On Wed, Feb 25, 2015 , meekerdb <[email protected]> wrote:

>> Bell's theorem, as Bell made clear, allows realism and locality if the
>> laws of physics operate in a time symmetric manner. All the known laws of
>> physics do, apart from the mechanism underlying neutral kaon decay. Hence
>> it is likely that Bell's theorem doesn't require quantum mystical nonlocal
>> nonreal gobbledegook, it just means accepting something we already strongly
>> suspect to be true (with one minor exception).
>>
>
> > That was Vic Stenger's solution to the interpretation of QM, the
> realized outcome was determined by retro-causality from the future.


As I said, the violation of Bell's inequality tells us that at least one of
the following must be untrue, realism, locality or determinism.

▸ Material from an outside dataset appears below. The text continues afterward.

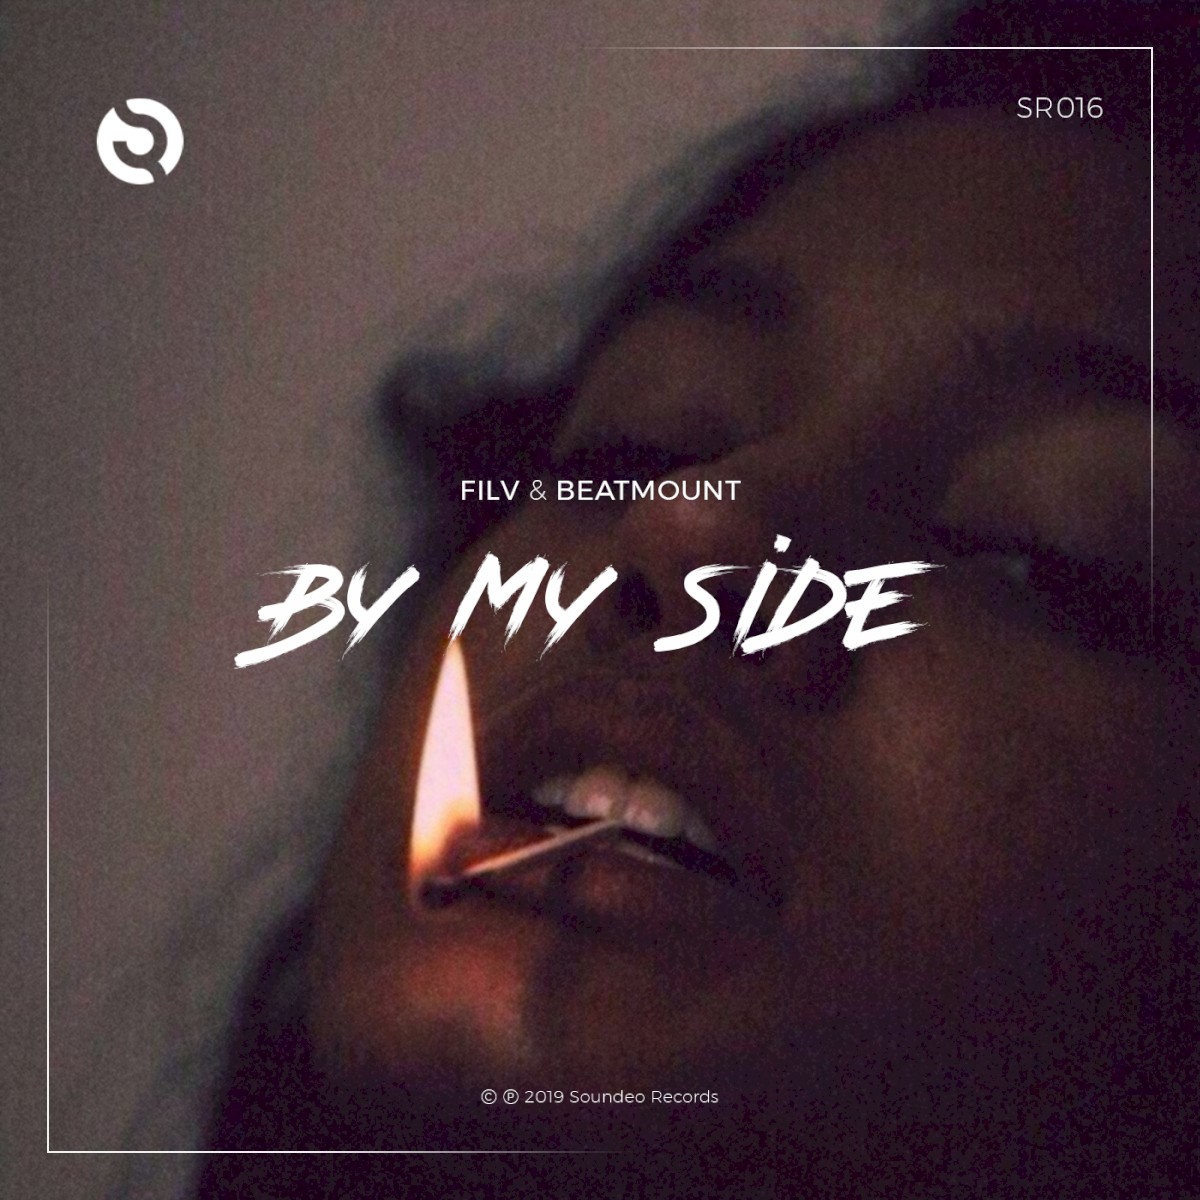 Release “Be My Side” by FILV, Beatmount - Cover Art - MusicBrainz

Retro-causality would be consistent with observation because it is not
local. Everett's Many Worlds is deterministic but it is also consistent
with observation because other universes are about as non-local as you can
get, and it's not realistic either. Realism says that before you open the
box Schrodinger's cat is in one and only one state (either dead or alive
but not both) you just don't know which one, but Everett says the cat was
in both states. So we know for sure that Einstein's idea that thing are
realistic local and deterministic can't be correct, but Everett could be
right. Retro-causality might be true too although Everett doesn't need it.